Hello,
i'm completely new to RapidMiner, so i'm sorry if i'm asking about something obvious.
I need to download and process html pages in a Java application, following part of the R4.6 tutorials i managed to put together some of the operators i need (also if i'm not sure of having done it the right way), but i can't figure out how to connect them.

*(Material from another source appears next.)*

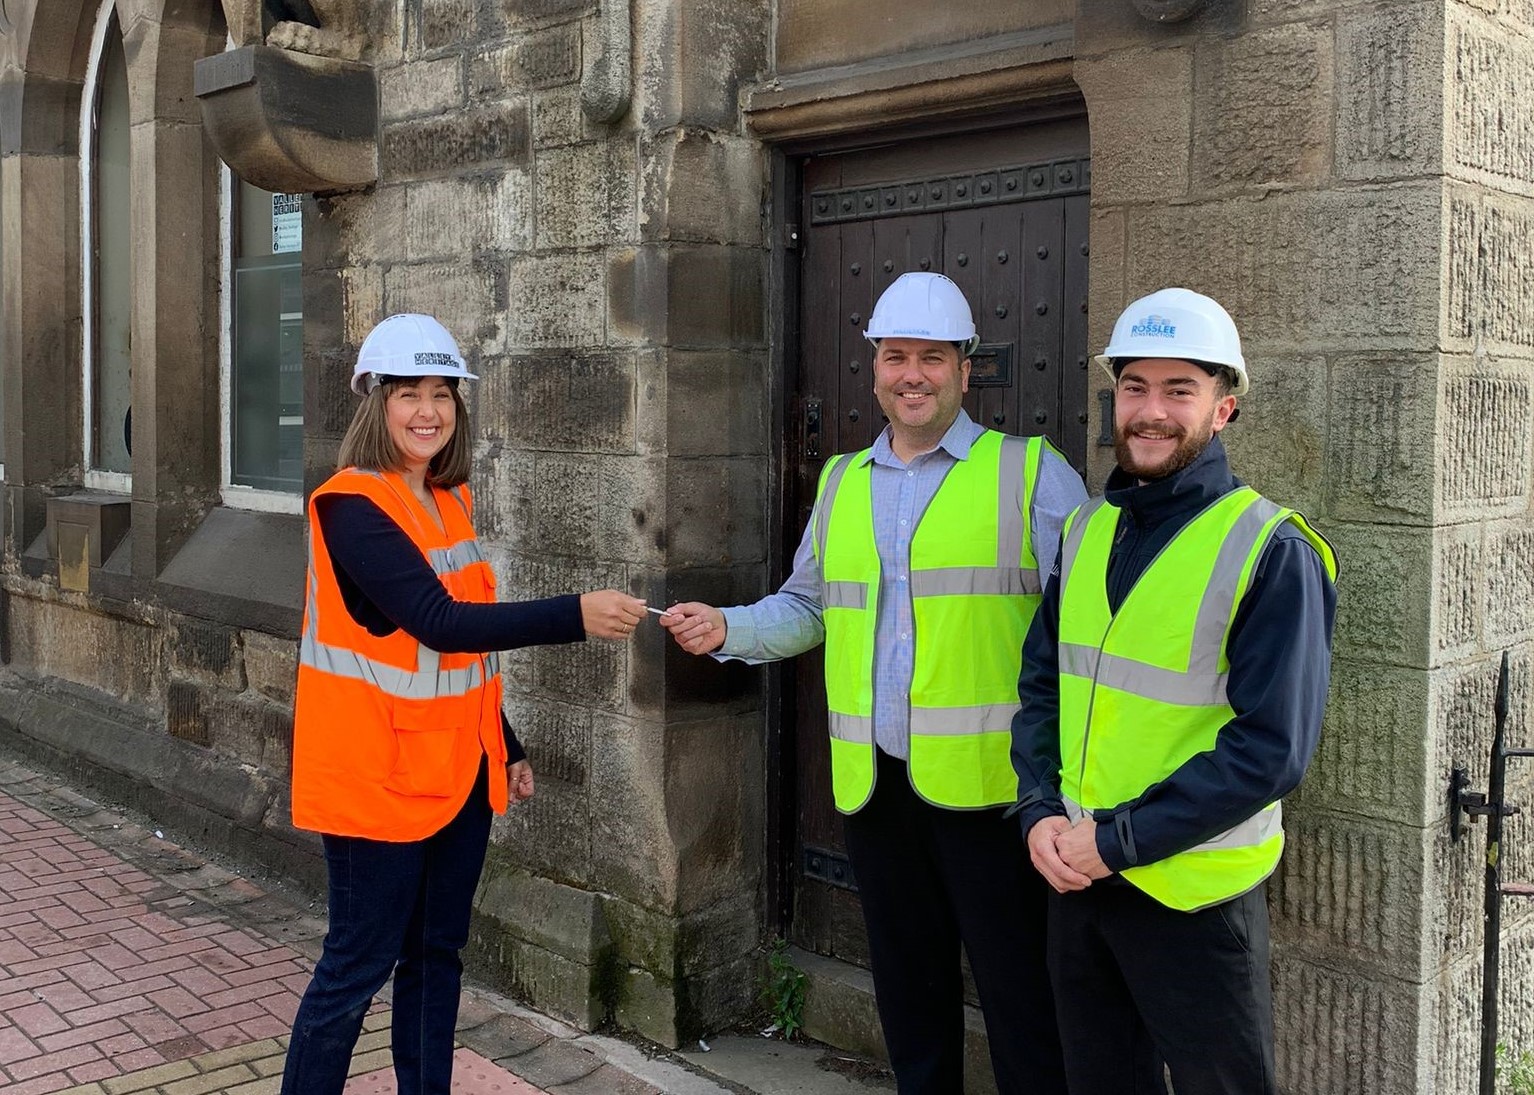 Valley Heritage hand over the keys to Rosslee Construction outside the front door of Alliance at the Lancashire and Yorkshire Bank

Here is the code, i used the text and web plugins
public Miner(List<Vulnerability> datasourcelist) {
RapidMiner.init();
Process process = new Process();
process.getRootOperator().setParameter(ProcessRootOperator.PARAMETER_LOGFILE, "log");
Operator op;
ExecutionUnit u;
int counter=0;
try {
for (Vulnerability vuln:datasourcelist){
for (String ref:vuln.getRefs()){
process.getRootOperator().addSubprocess(counter);
u = process.getRootOperator().getSubprocess(counter);
op = OperatorService.createOperator("get_webpage");
op.setEnabled(true);
op.setExpanded(true);
op.setParameter("random_user_agent", "true");
op.setParameter("url", ref);
u.addOperator(op);
op = OperatorService.createOperator("extract_html_text_content");
op.setEnabled(true);
op.setExpanded(true);
u.addOperator(op);
op = OperatorService.createOperator("tokenize");
op.setEnabled(true);
op.setExpanded(true);
op.setParameter("mode", "specify characters");
op.setParameter("characters", ".:");
u.addOperator(op);
op = OperatorService.createOperator("filter_tokens_by_content");
op.setEnabled(true);
op.setExpanded(true);
op.setParameter("condition","matches");
op.setParameter("string", "[a-z]");
op.setParameter("regular_expression", "[a-zA-Z]");
u.addOperator(op);
op = OperatorService.createOperator("write_csv");
op.setEnabled(true);
op.setExpanded(true);
op.setParameter("csv_file", "test_csv.csv");
u.addOperator(op);
counter++;
}
}
System.out.println(process.getRootOperator().createProcessTree(0));
process.run();
} catch (OperatorCreationException e) {
// TODO Auto-generated catch block
e.printStackTrace();
} catch (OperatorException e) {
// TODO Auto-generated catch block
e.printStackTrace();
}
And this is the error i get
com.rapidminer.operator.UserError: No data was deliverd at port extract_html_text_content.document.
at com.rapidminer.operator.ports.impl.AbstractPort.getData(AbstractPort.java:78)
I haven't given any input to the process since all the data should come from get webpage operators.
Thanks
Andrea